Write down exactly the lines from the one below that has "Child, Lee - Die Trying" to the end of the data, both ends included; the pictures should not appear in your copy.

**EXERCISE DATA:**
*** Block opens ***

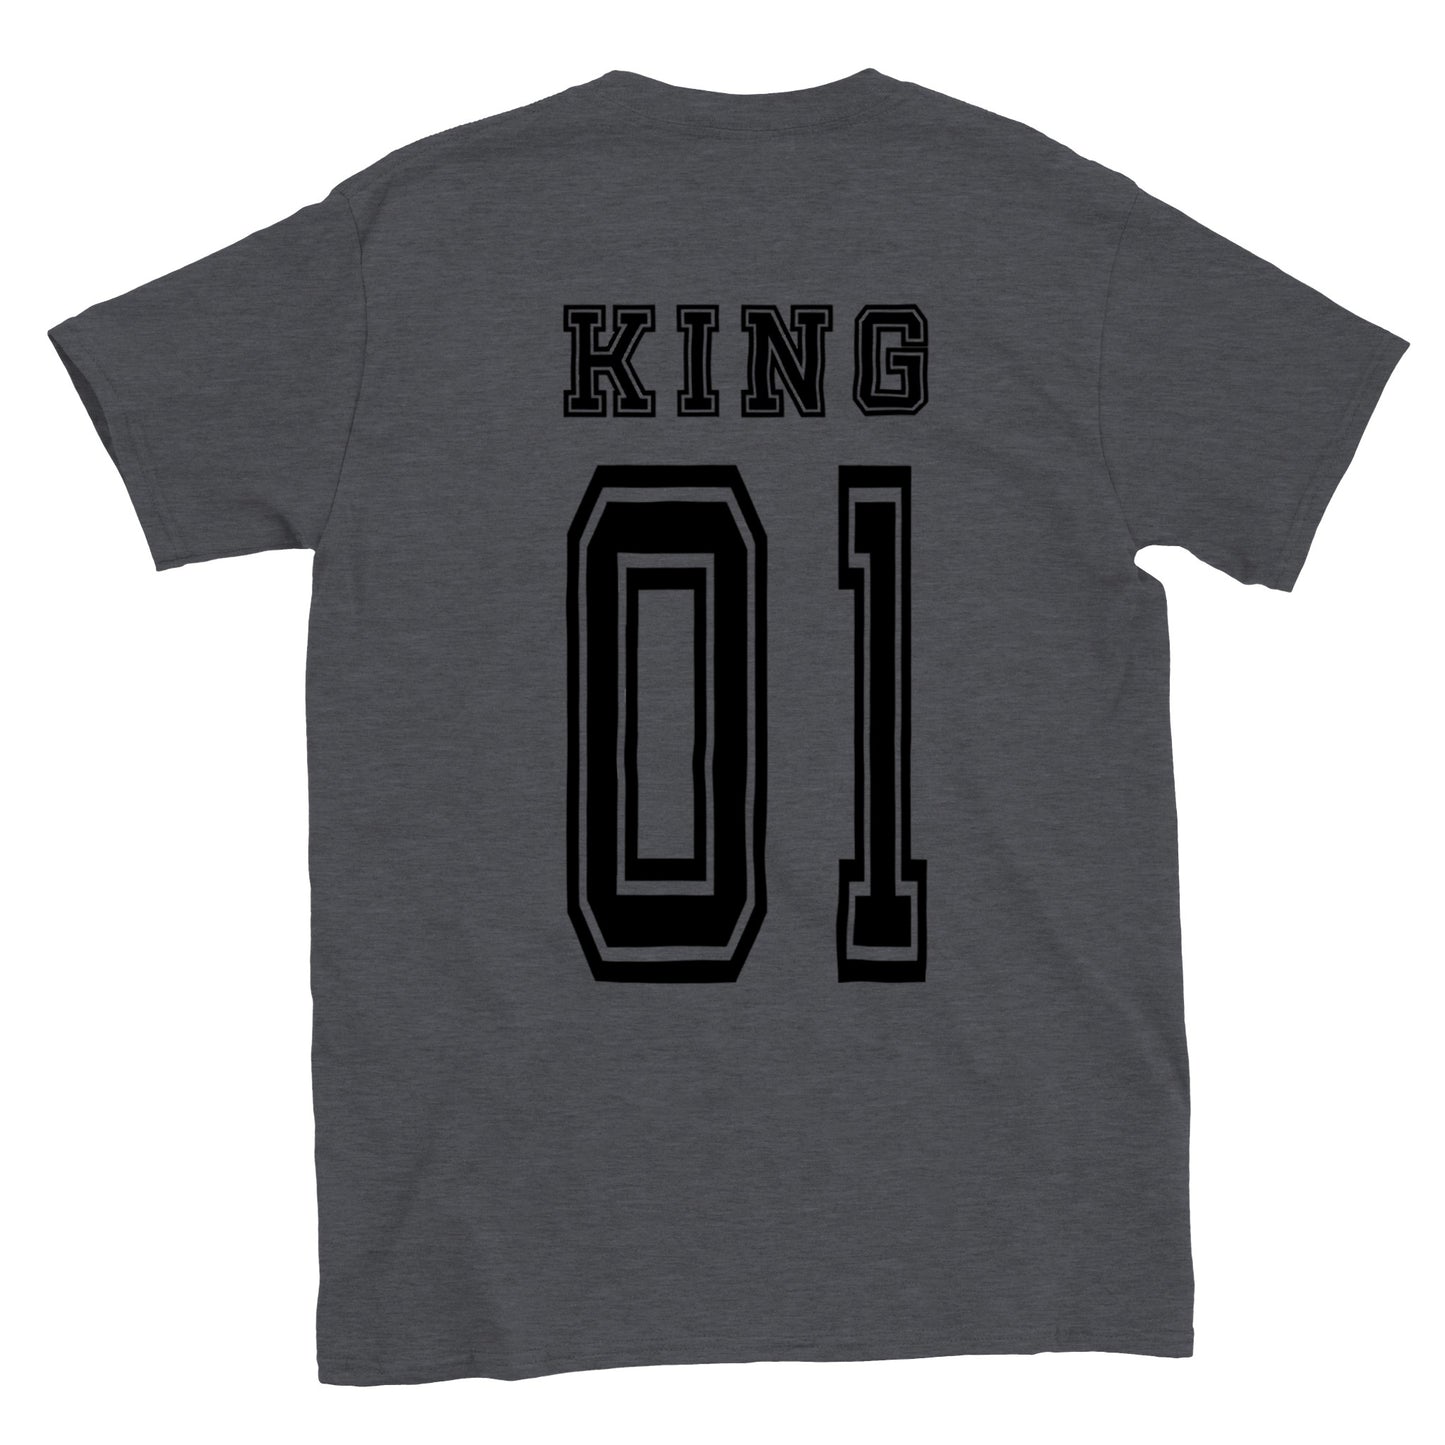 King 01 T-shirt
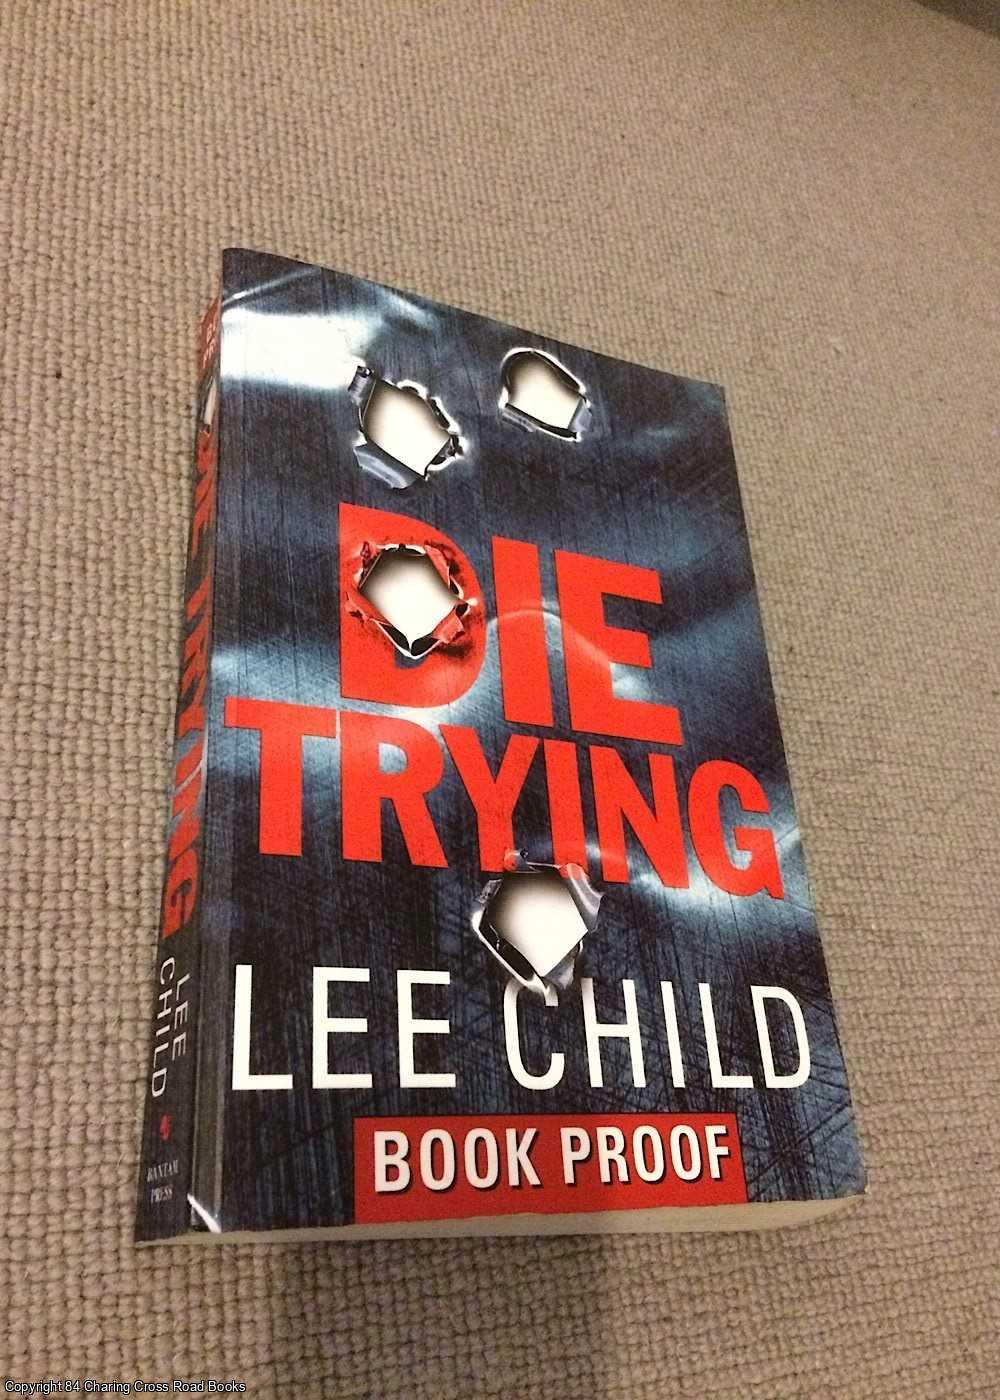 Child, Lee - Die Trying
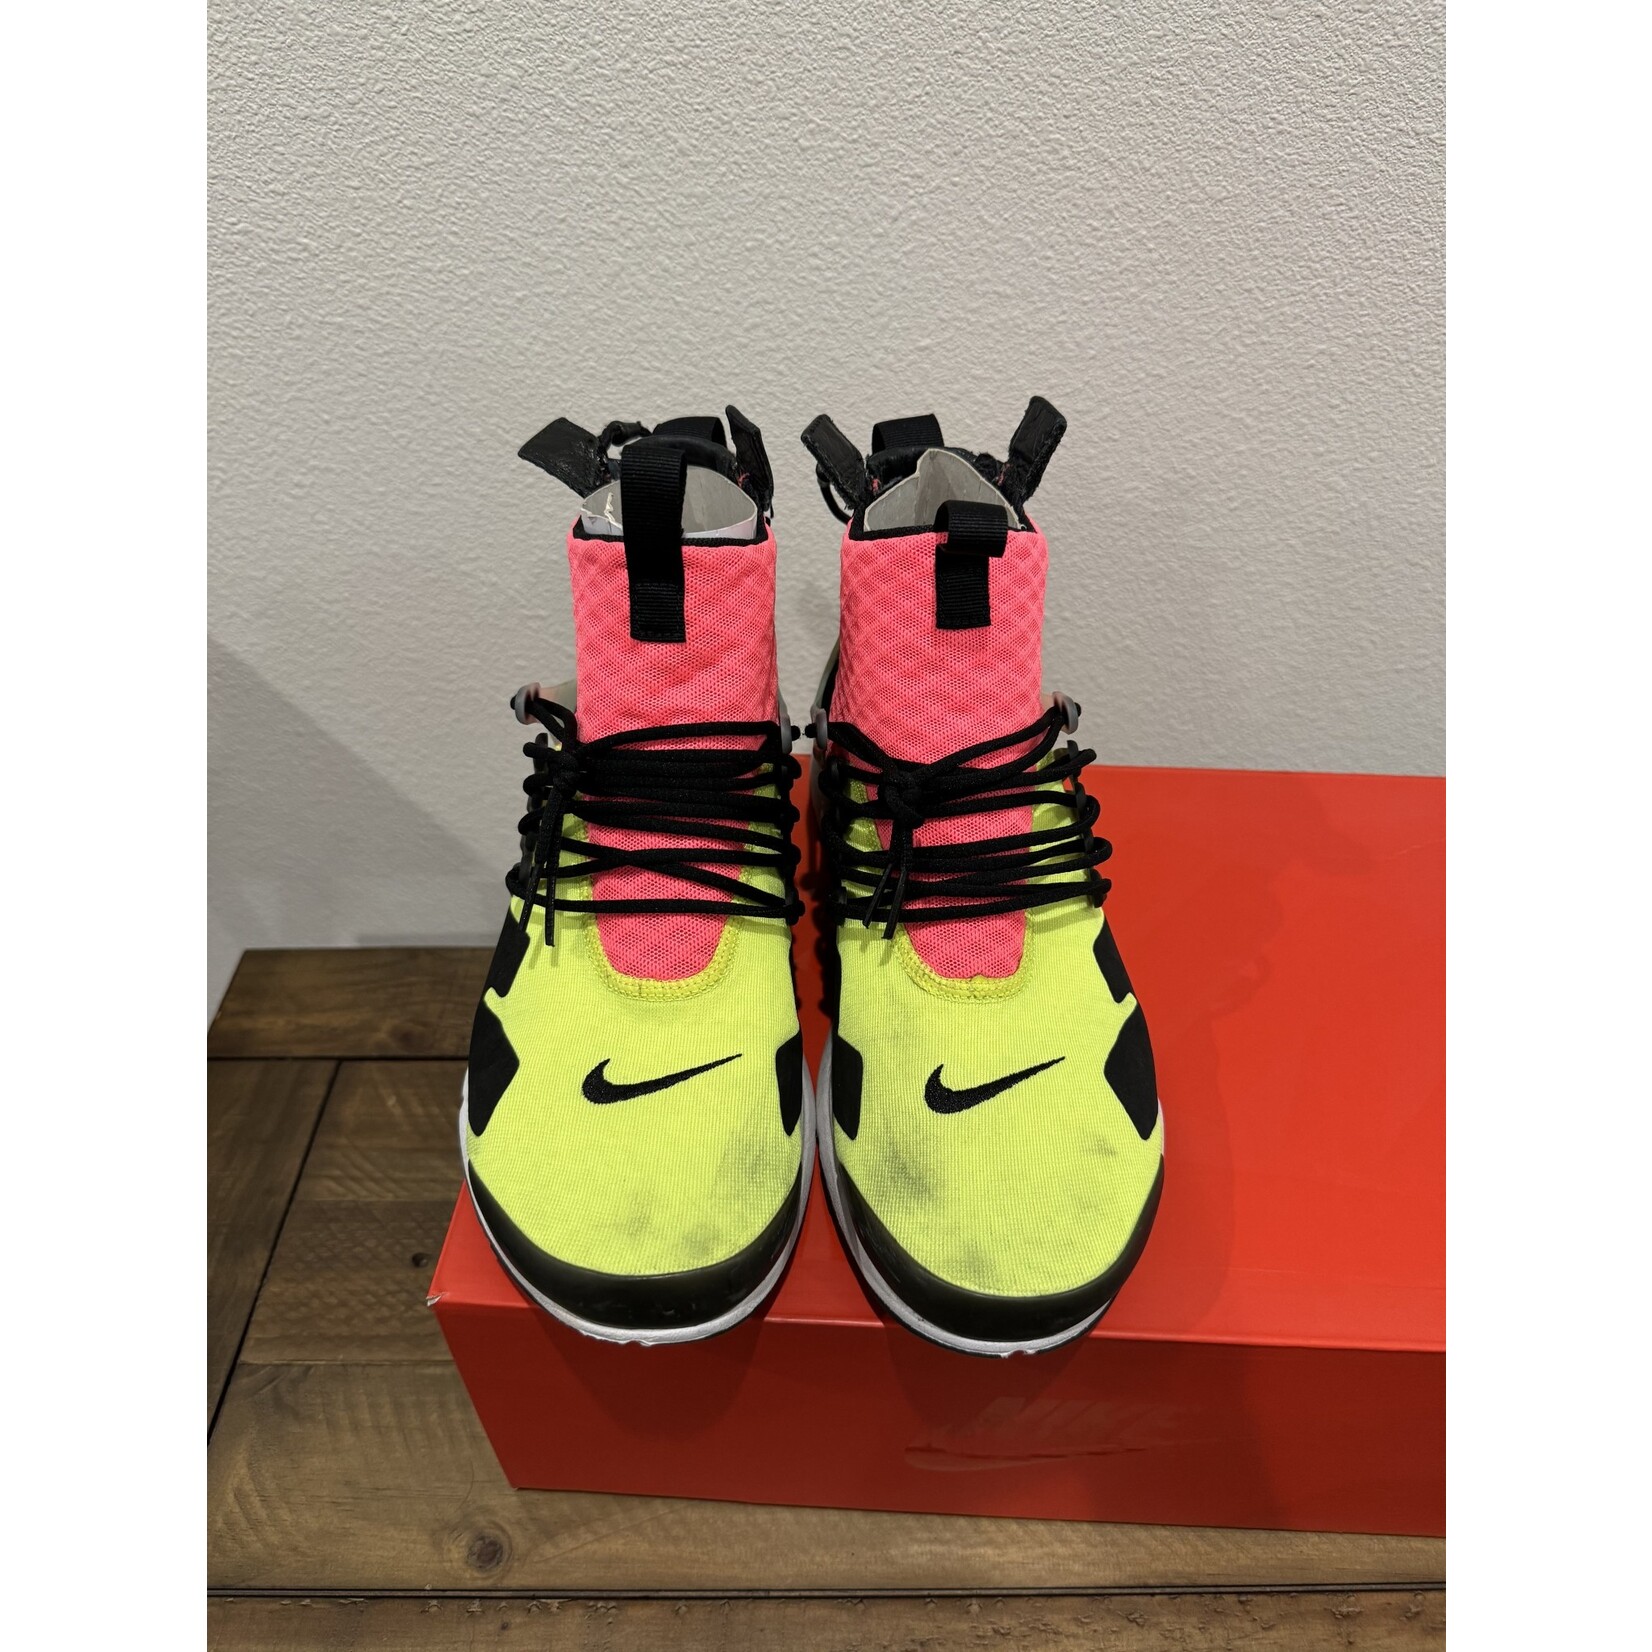 Nike Nike Air Presto Acronym Volt Size XS 8 - 9, PREOWNED

*** Block closes ***

**EXPECTED ANSWER:**
 Child, Lee - Die Trying
 Nike Nike Air Presto Acronym Volt Size XS 8 - 9, PREOWNED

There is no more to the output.